1. Campaign contribution.

2. Seasonal gifts of an insignificant economic value of less than one hundred dollars ($100) if the aggregate value of such gifts from any single donor is less than two hundred fifty dollars ($250) during any one calendar year.

3. Hospitality extended to a public official, public employee, and his or her respective household as a social occasion in the form of food and beverages where the provider is present, lodging in the continental United States and Alaska incidental to the social occasion, and tickets to social or sporting events if the hospitality does not extend beyond three consecutive days and is not continuous in nature and the aggregate value of such hospitality in excess of two hundred fifty dollars ($250) within a calendar day is reported to the commission by the provider provided that the reporting requirement contained in this section shall not apply where the expenditures are made to or on behalf of an organization to which a federal income tax deduction is permitted under subparagraph (A) of paragraph (1) of subsection (b) of Section 170 of the Internal Revenue Code of 1986, as amended, or any charitable, education or eleemosynary cause of Section 501 of Title 26 of the U.S. Code, and where the public official or public employee does not receive any direct financial benefit. The reporting shall include the name or names of the recipient or recipients, the value of the entire expenditure, the date or dates of the expenditure, and the type of expenditure.

4. Reasonable transportation, food and beverages where the provider is present, and lodging expenses in the continental United States and Alaska which are provided in conjunction with an educational or informational purpose, together with any hospitality associated therewith; provided, that such hospitality is less than 50 percent of the time spent at such event, and provided further that if the aggregate value of such transportation, lodging, food, beverages, and any hospitality provided to such public employee, public official, and his or her respective household is in excess of two hundred fifty dollars ($250) within a calendar day the total amount expended shall be reported to the commission by the provider. The reporting shall include the name or names of the recipient or recipients, the value of the entire expenditure, the date or dates of the expenditure, and the type of expenditure.

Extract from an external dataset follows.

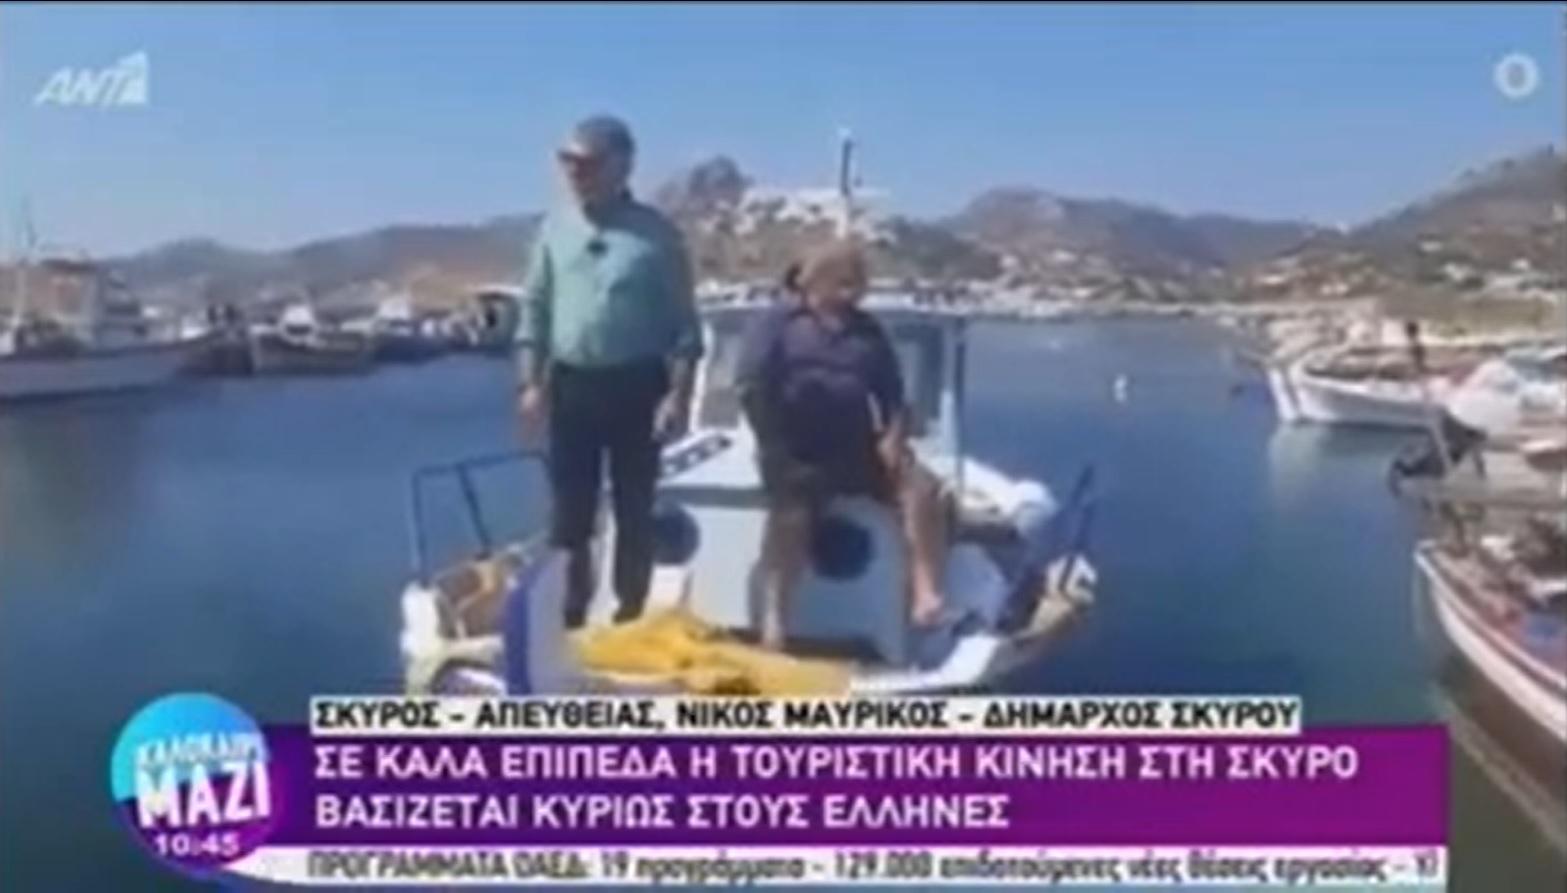 Τα Γλυκά της Φαλταϊνας στον ΑΝΤ1, Σκύρος: Τα Γλυκά της Φαλταϊνας στον ΑΝΤ1, Eviathema.gr | ΕΥΒΟΙΑ ΝΕΑ - Νέα και ειδήσεις από όλη την Εύβοια

5. Payment of or reimbursement for actual and necessary expenditures for travel and subsistence of a public official or public employee in connection with an economic development research or trade mission, or for attendance at a mission or meeting in which he or she is scheduled to meaningfully participate, or regarding matters related to his or her official duties, and for which attendance no reimbursement is made by the state; provided, that any hospitality in the form of entertainment, recreation, or sporting events shall constitute less than 25% of the time spent in connection with the event. If the aggregate value of any such hospitality extended to the public employee, public official, and his or her respective household is in excess of two hundred fifty dollars ($250) within a calendar day, the total amount expended for that day shall be reported to the commission by the provider. The reporting shall include the name or names of the recipient or recipients, the value of such expenditures, the date or dates of the expenditure, and the type of expenditure.

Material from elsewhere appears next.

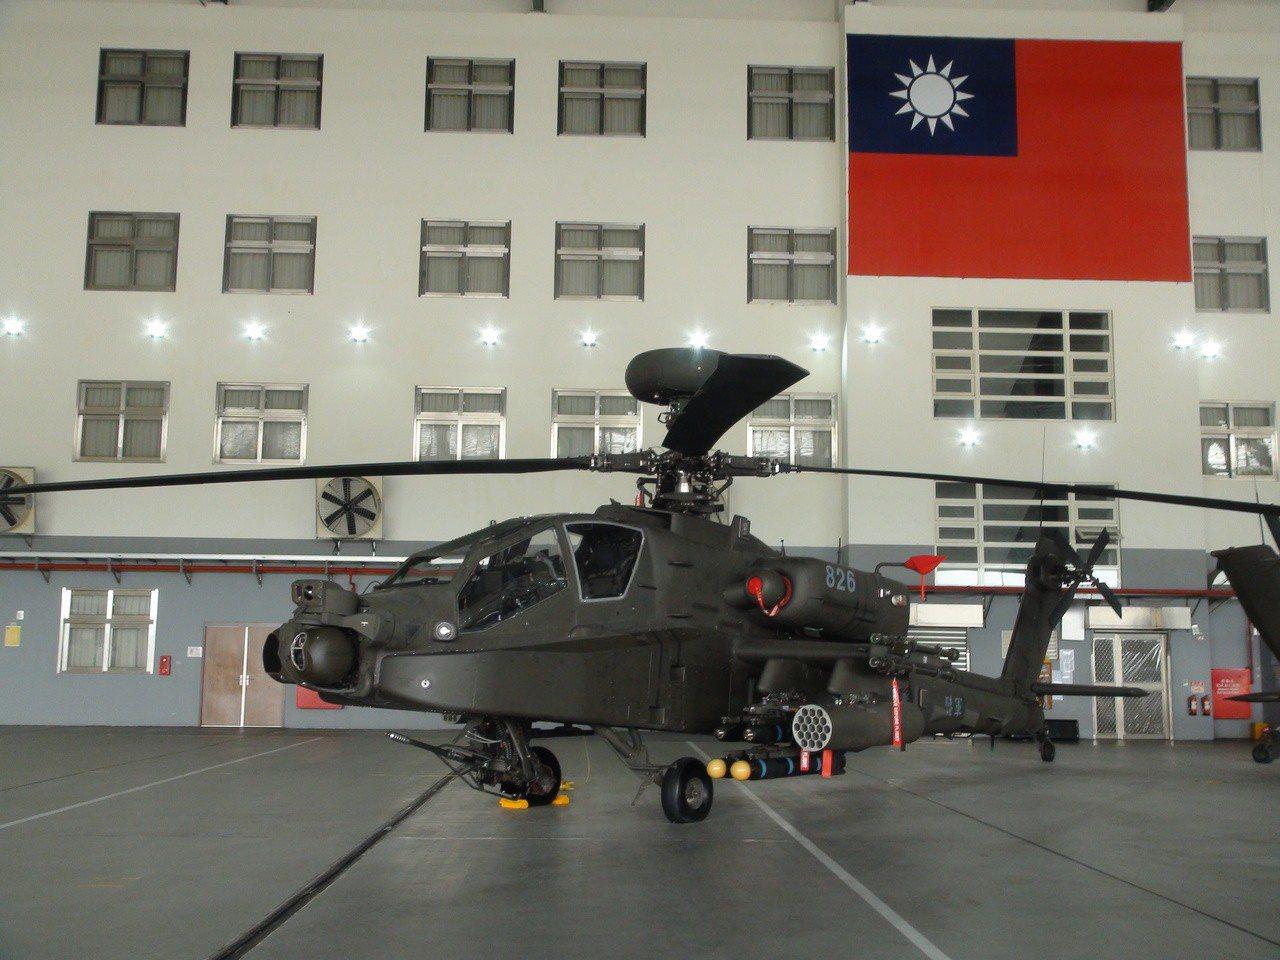 陸軍航特部AH-64E阿帕契攻擊直升機今年7月甫全戰備成軍,被揭露明年就要編9億...

6. Promotional items commonly distributed to the general public and food or beverages of a nominal value.

c. Nothing in this chapter shall be deemed to limit, prohibit, or otherwise require the disclosure of a personal gift made to a public official or public employee from a spouse, intended spouse, dependent, adult child, sibling, parent, grandparent, uncle, aunt, nephews, nieces or cousins of the public official or public employee, except as otherwise provided by law.

d. Nothing in this chapter shall be deemed to limit, prohibit, or otherwise require the disclosure of gifts through inheritance received by a public employee or public official.

(32) VALUE. The fair market price of a like item if purchased by a private citizen.

(Acts 1973, No. 1056, p. 1699, §2; Acts 1975, No. 130, p. 603, §1; Acts 1979, No. 79-698, p. 1241, §1; Acts 1982, No. 82-429, p. 677, § ; Acts 1986, No. 86-321, p. 475, §1; Acts 1995, No. 95-194, p. 269, §1; Acts 1997, No. 97-651, p. 1217, §1.)